Saved data entries

_____

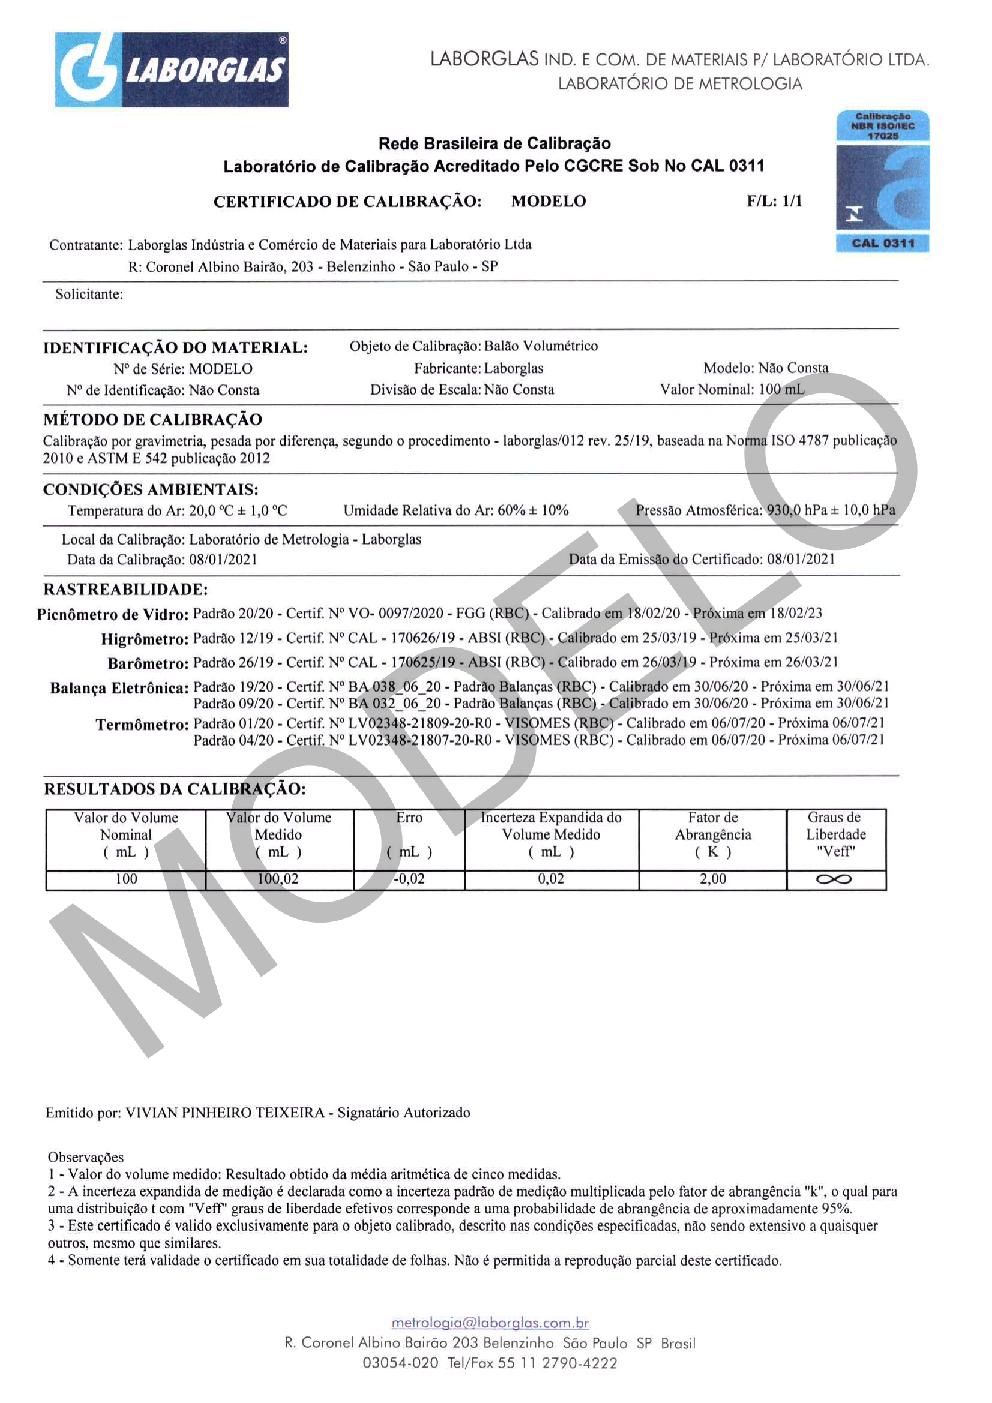 BALÃO VOLUMÉTRICO CLASSE A ROLHA POLI ÂMBAR C/ CERTIFICADO RBC 250 ML - Marca Laborglas - Cód. 91678366-R
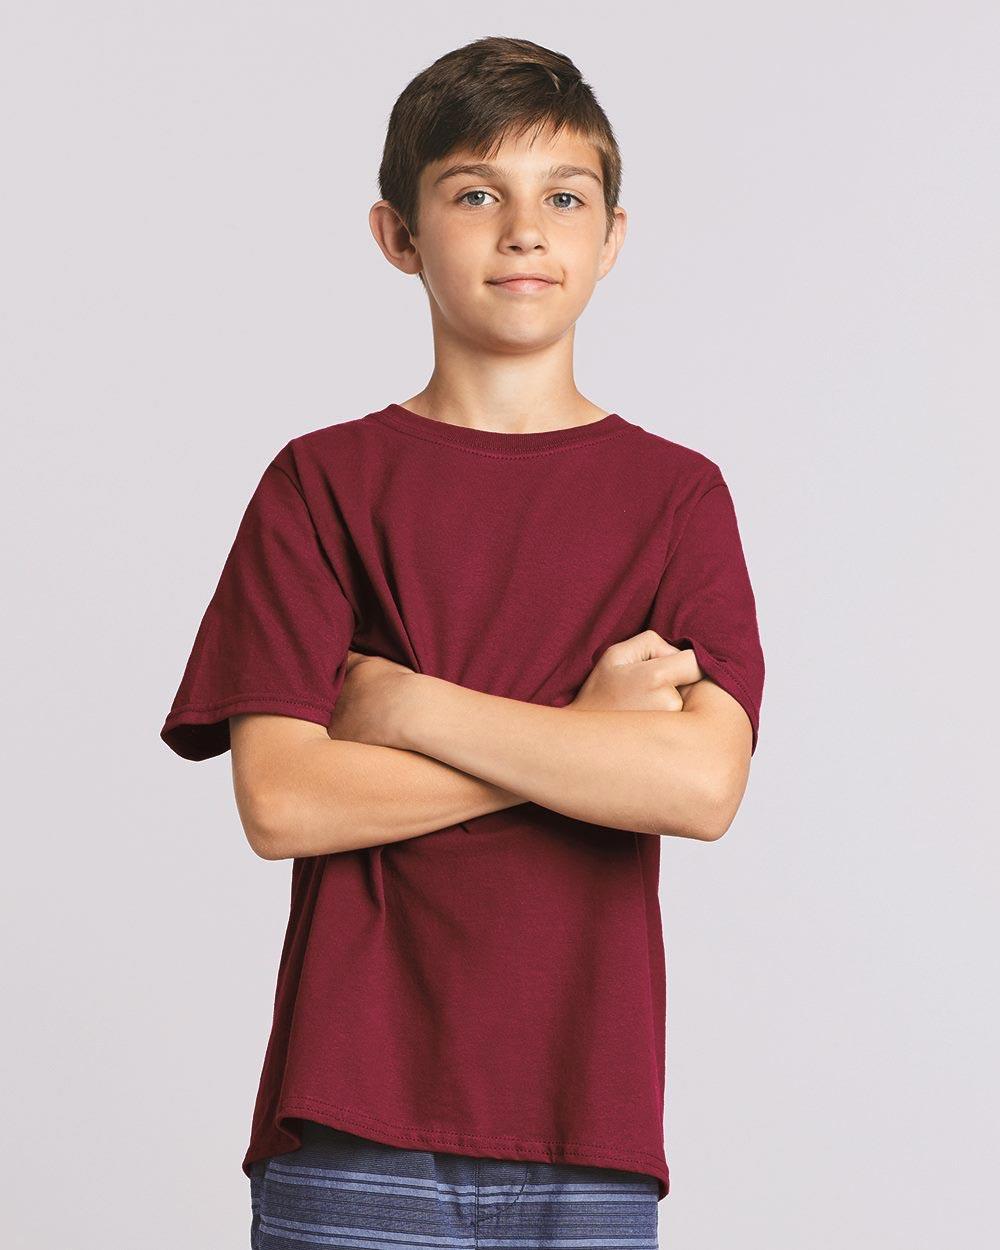 Gildan 5000B - Heavy Cotton Youth T-Shirt
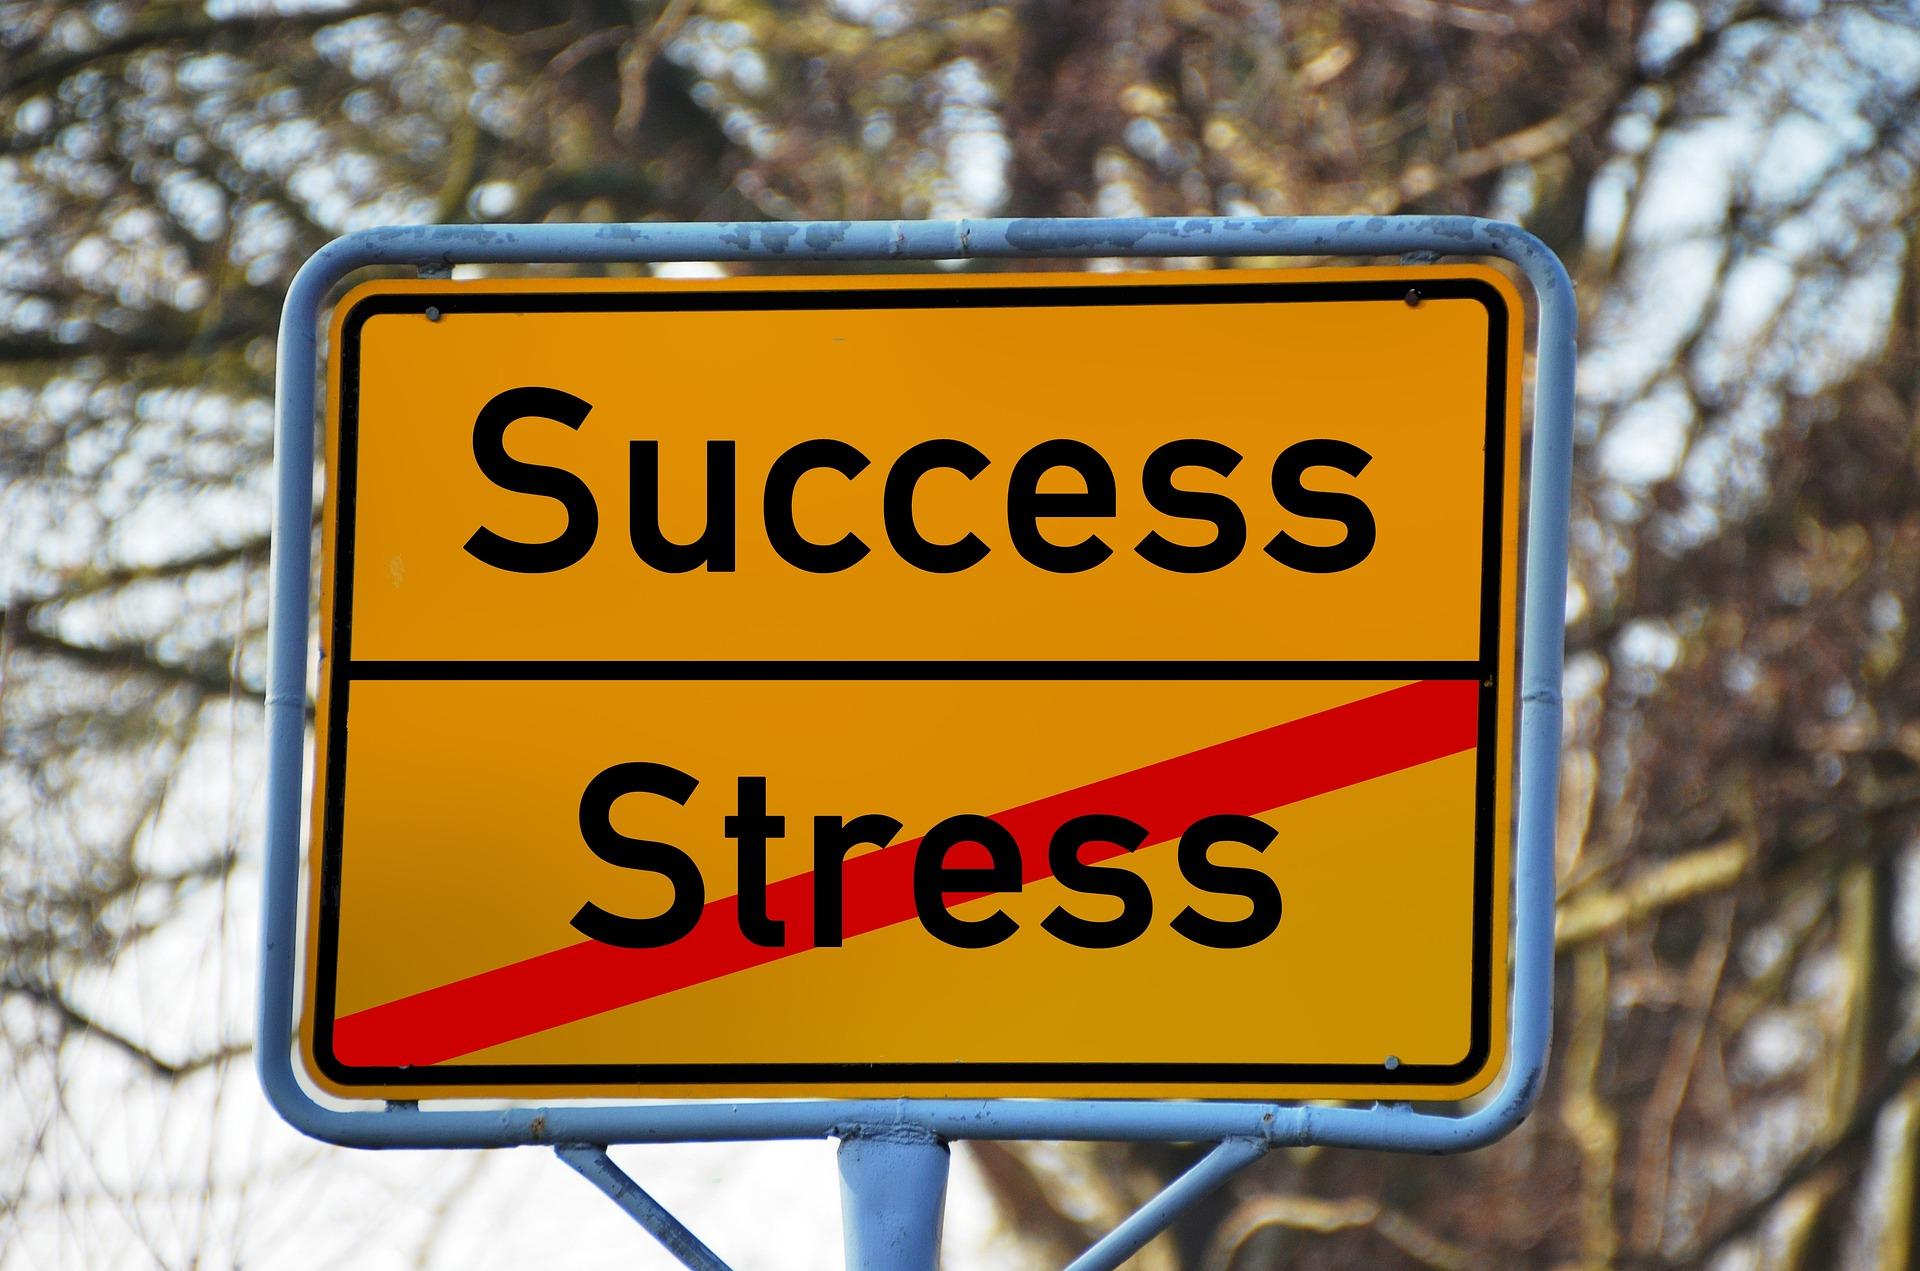 Epuizare la locul de munca? 5 semne principale de sindrom burnout la medicii specialisti
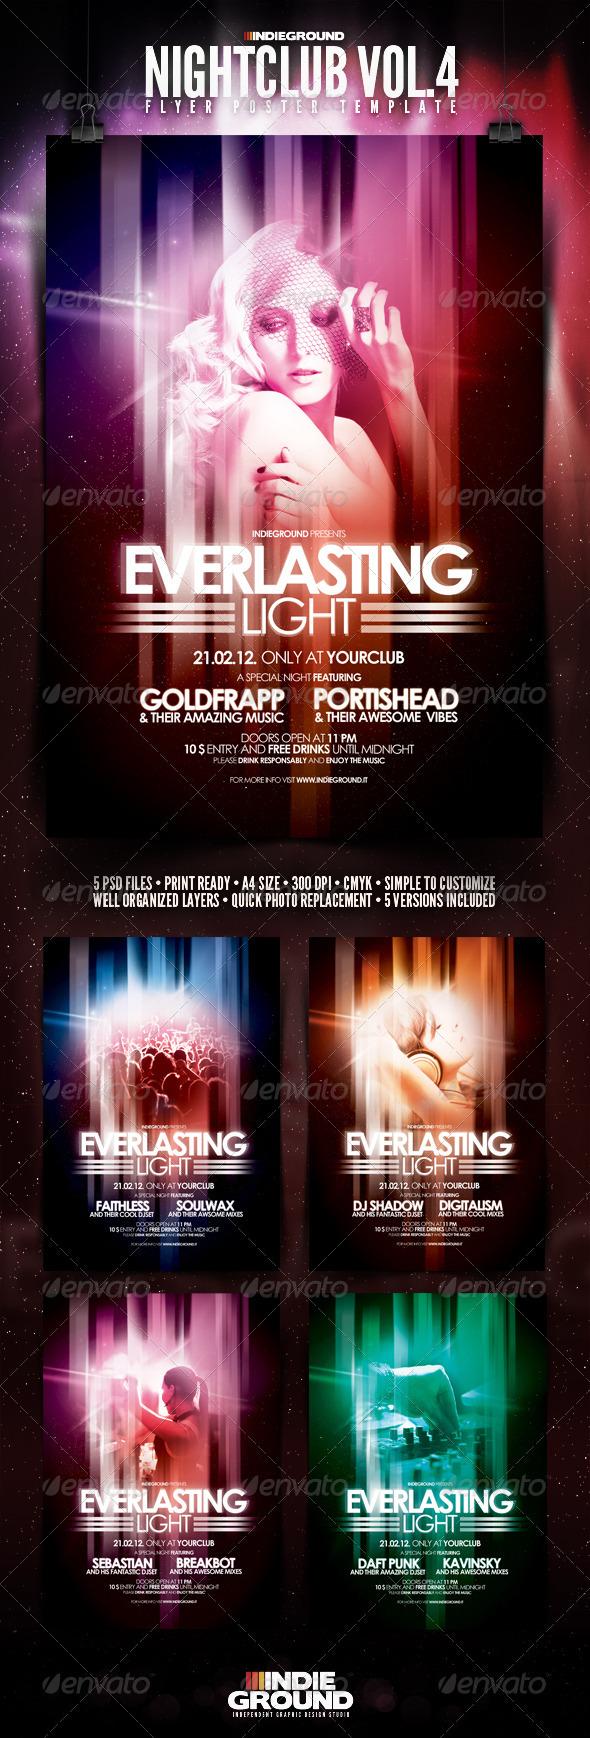 GraphicRiver Nightclub Flyer Poster Vol 4 162762
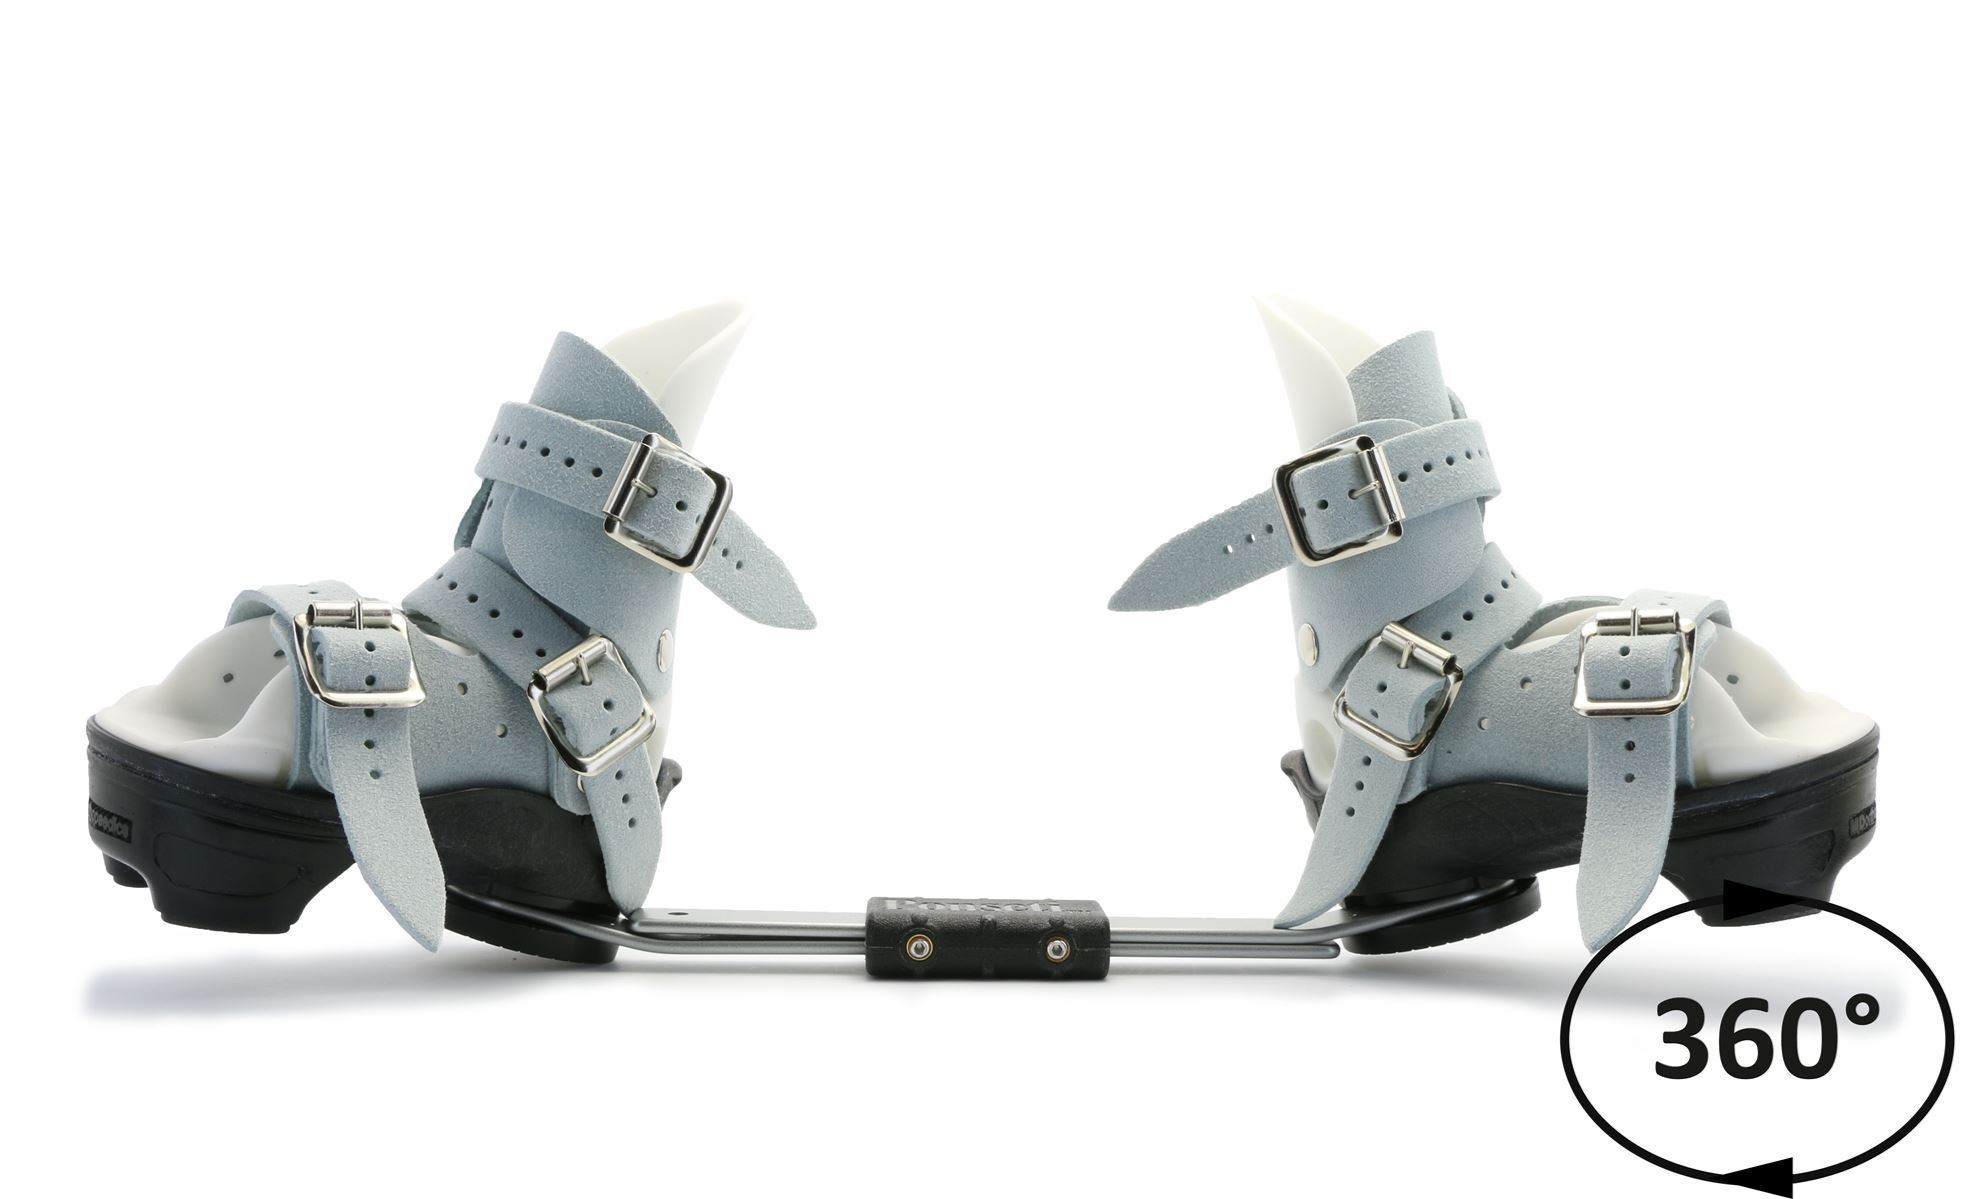 Ponseti AFO Toe Stilt Sandals with Bar

_____

*Try it:* Output each record above exactly as it stands, excluding all pictures.

*Expected answer:*
 BALÃO VOLUMÉTRICO CLASSE A ROLHA POLI ÂMBAR C/ CERTIFICADO RBC 250 ML - Marca Laborglas - Cód. 91678366-R
 Gildan 5000B - Heavy Cotton Youth T-Shirt
 Epuizare la locul de munca? 5 semne principale de sindrom burnout la medicii specialisti
 GraphicRiver Nightclub Flyer Poster Vol 4 162762
 Ponseti AFO Toe Stilt Sandals with Bar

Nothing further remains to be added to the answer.